Here are the simple rules:  

• Packets that are bound for the external network (leaving the local network through a gateway). The IP address of the packet's origin is changed to the IP address of the masquerader machine. The IP address of the masquerader is unique on the external network.
• Packets coming from the external network (to the local network through the gateway). The packet address is changed to the local network host IP address. Machines inside the local network have invalid (unknown) "private network" addresses on the external network.

IP Masquerade uses port forwarding to change a packet's IP address. When a packet arrives from an external network, its port address is checked and compared against the contents of the masquerade table. If the matched port is found, the IP address in the packet header is changed and the packet is sent to the demasqueraded IP address.

There are 3 things to consider in NAT implementation:

1. You must add all address translation rules to the chains in the NAT table.
2. Unlike filter tables, nat tables use PREROUTING, POSTROUTING and OUTPUT chains.
3. Include kernel modules to handle custom protocols.

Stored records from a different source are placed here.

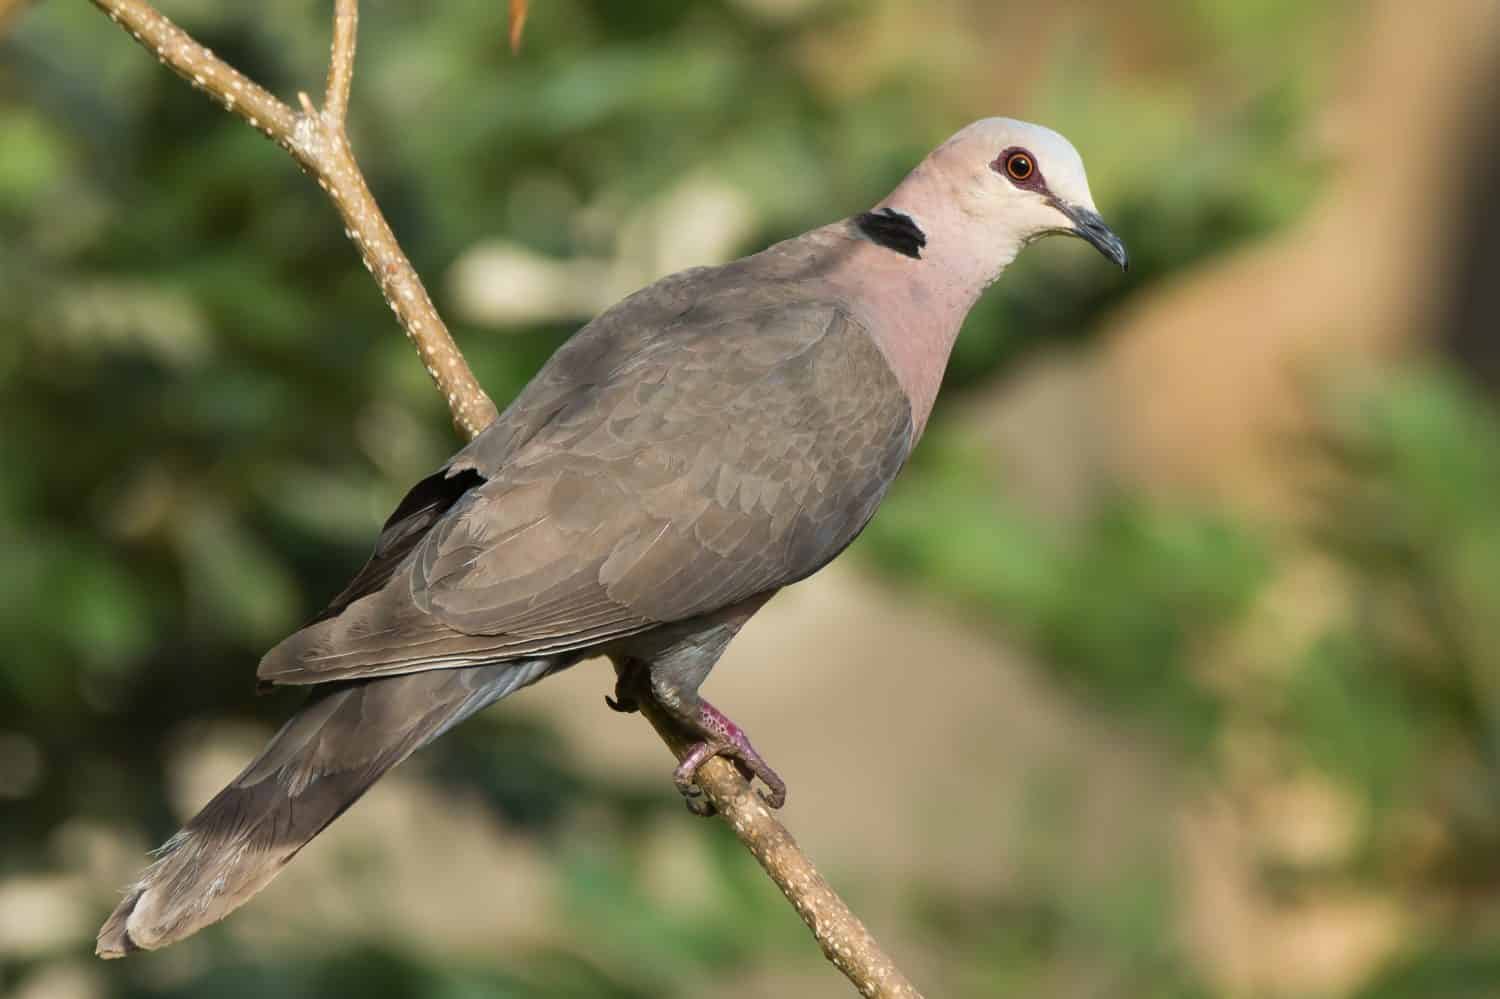 A Red-eyed Dove (Streptopelia semitorquata) perched on a branch
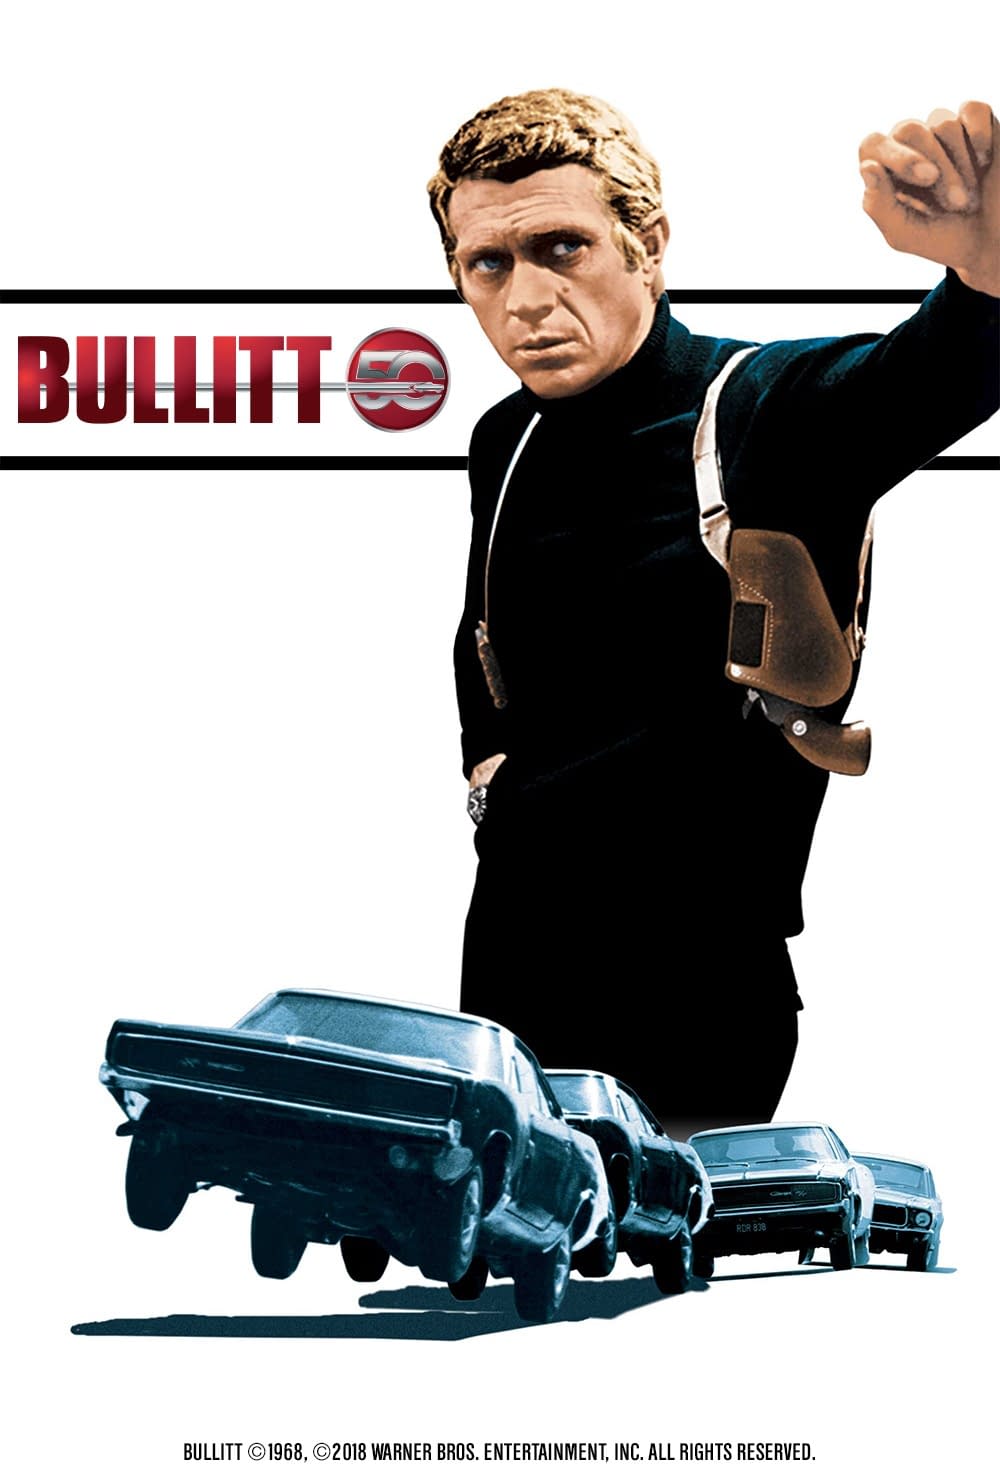 5 Hubcaps and a Movie: Fathom Events Brings 'Bullitt' Back to Theaters
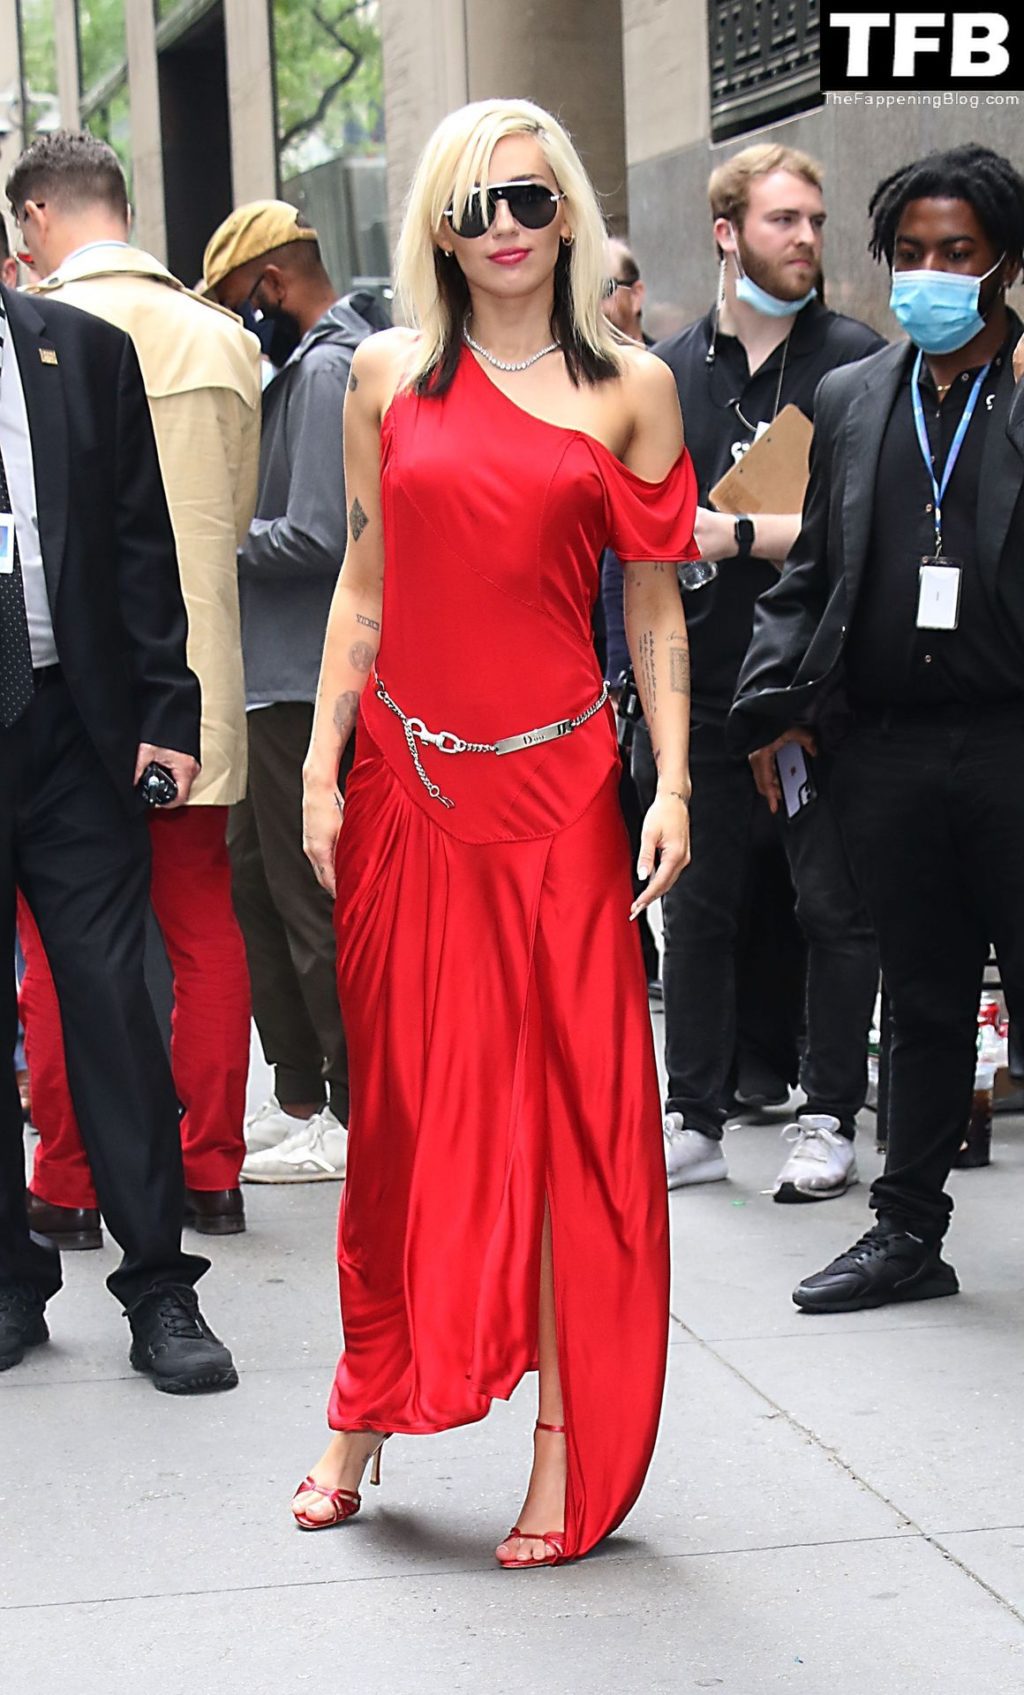 Miley Cyrus Looks Hot in Red as She Attends the 2022 NBCUniversal Upfront in New York (5 Photos)
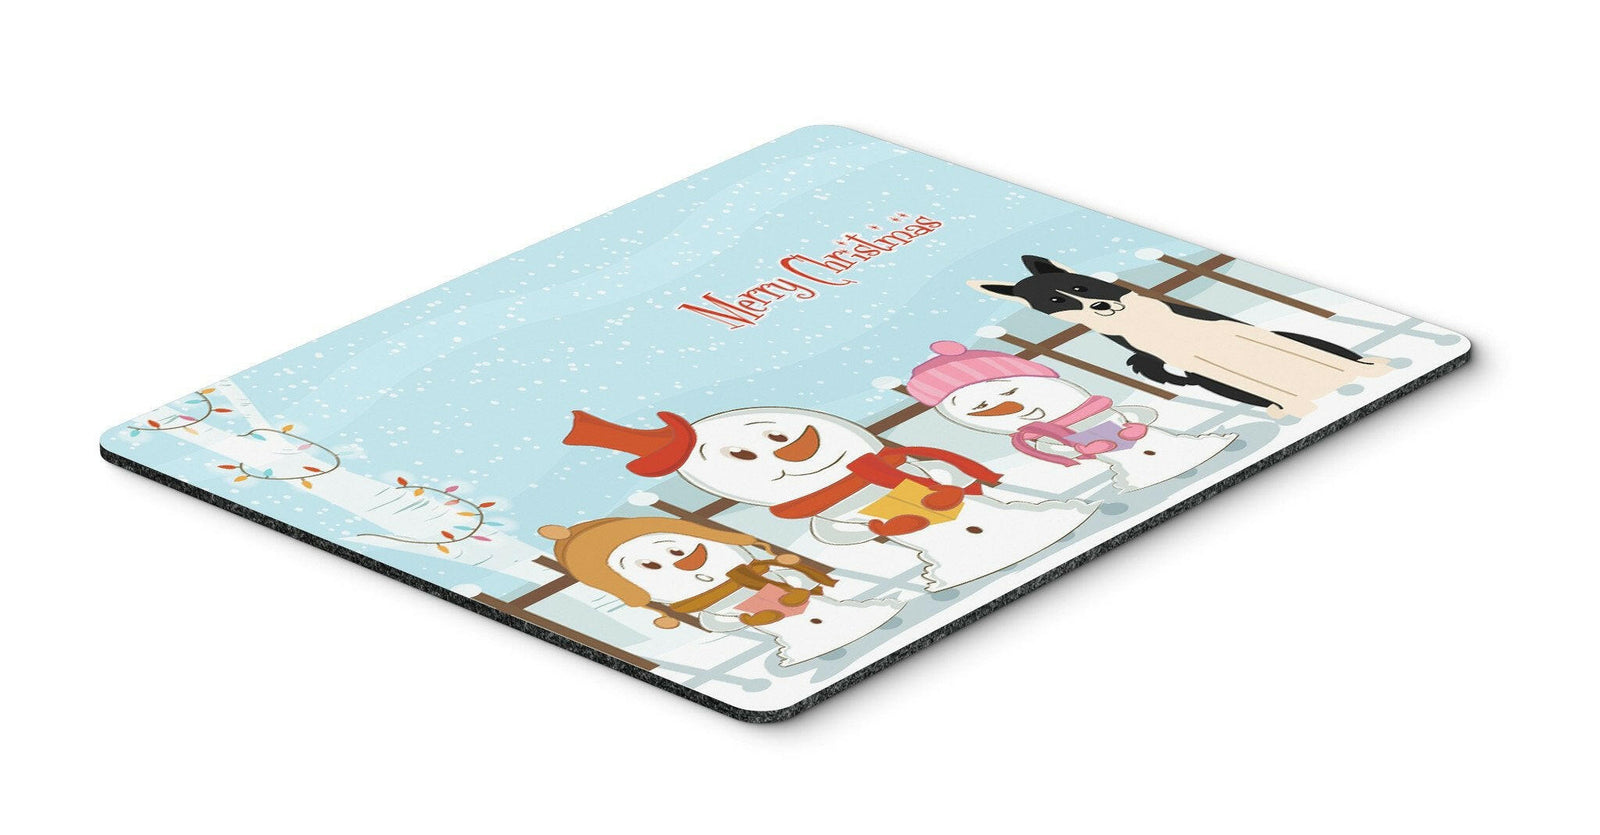 Merry Christmas Carolers Russo-European Laika Spitz Mouse Pad, Hot Pad or Trivet BB2360MP by Caroline's Treasures
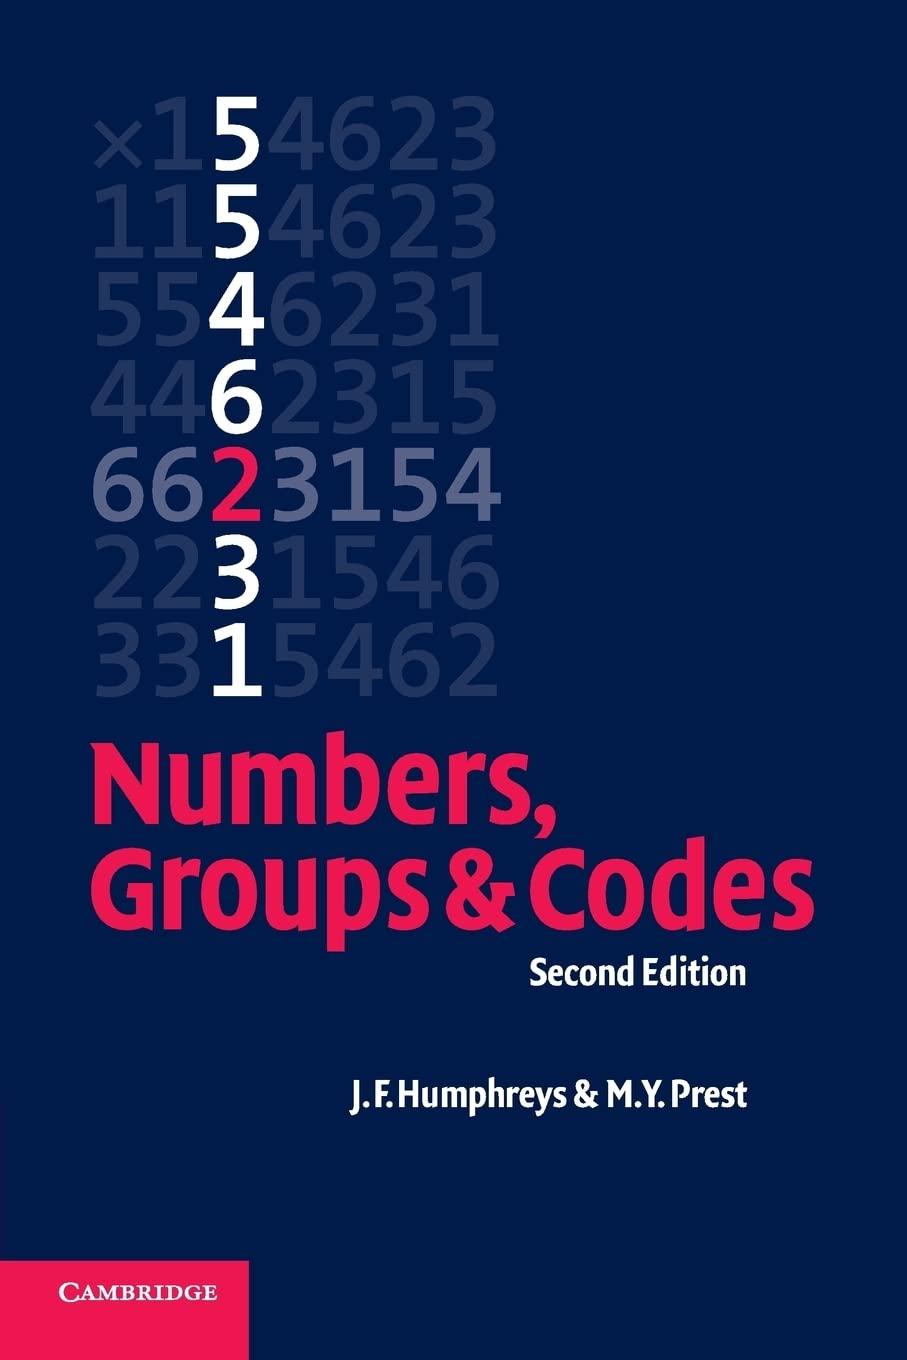 numbers groups and codes 2nd edition j. f. humphreys, m. y. prest 052154050x, 9780521540506

If you have finished building a local network in terms of its topology, meaning that physically you have completed the network and your local network is functioning properly, implementing IP Masquerade only requires the following two steps:

1. Use IPTABLES to setup a masquerade rule

The following example masquerades local network packets (192.168.0.0/24) going out to the internet or an external network through the ppp0 interface (dial-up connection):

IPTABLES -t nat -A POSTROUTING -s 192.168.0.0/24 -o ppp0 --j MASQUERADE

If you are connected to an external network not via a dial-up connection, for example using a wireless radio link connection, then the example IP masquerade command above becomes:

iptables -t nat -A POSTROUTING --o eth1 --s 192.168.0.0/24 --j SNAT  -tosource 64.110.100.141

Where the connection to the external network is via the eth1 interface and the NAT IP address used is 64.110.100.141.

You can also write;

IPTABLES -t nat -A POSTROUTING -o eth1 --j MASQUERADE

which means masquerading all packets that go out through Eth1. This is done if you do not get a NAT IP from your ISP, only 1 public IP is owned, which is the one installed on Eth1. Don't forget to run the service IPTABLES save command so that all the rules created are saved and run when the system is rebooted.

2. Insert kernel modules to handle specific protocols.

modprobe -a ip_conntrack_ftp ip_net_ftp
modprobe -a ip_conntrack_irc ip_net_irc

You can build a destination NAT that will transparently redirect all packets coming from local network hosts sent by web browsers entering through the eth2 interface (the 3rd ethernet card on the masquerader machine) to a proxy server by implementing the following rules:

iptables -t nat -A PREROUTING -p tcp --port 80 -i eth2 -j DNAT --to 192.168.0.254

where IP address 192.168.0.254 is the proxy server address.

2. Conclusion 

Like a house that has a fence as its protection, whether from wood, concrete walls, barbed wire or a combination of several types of fences, it is not surprising that a computer which is a vital place in data communication that stores all the property and objects that we own should also be protected. Namely by using a firewall. A firewall is a method or mechanism that is applied to hardware, software or the system itself with the aim of protecting, either by filtering, limiting or even rejecting one or all relationships/activities of a segment on a private network with an external network that is not within its scope. IP addresses as a means of addressing on the Internet are increasingly becoming a luxury and exclusive item. Not just anyone can get a valid IP address easily these days. That is why a mechanism is needed that can save IP addresses. The simple logic for saving IP addresses is to share a valid IP address number to several other IP clients. Or in other words, several computers can access the Internet even though we only have one valid IP address.

One of those mechanisms is provided by Network Address Translation (NAT).

3. QUESTIONS

1. Explain the meaning of Firewall?
2. Mention the types of Firewall?
3. Explain the function and type of NAT?
4. What is the background to using NAT? And what are the advantages of using NAT?
5. Name the components that a NAT has!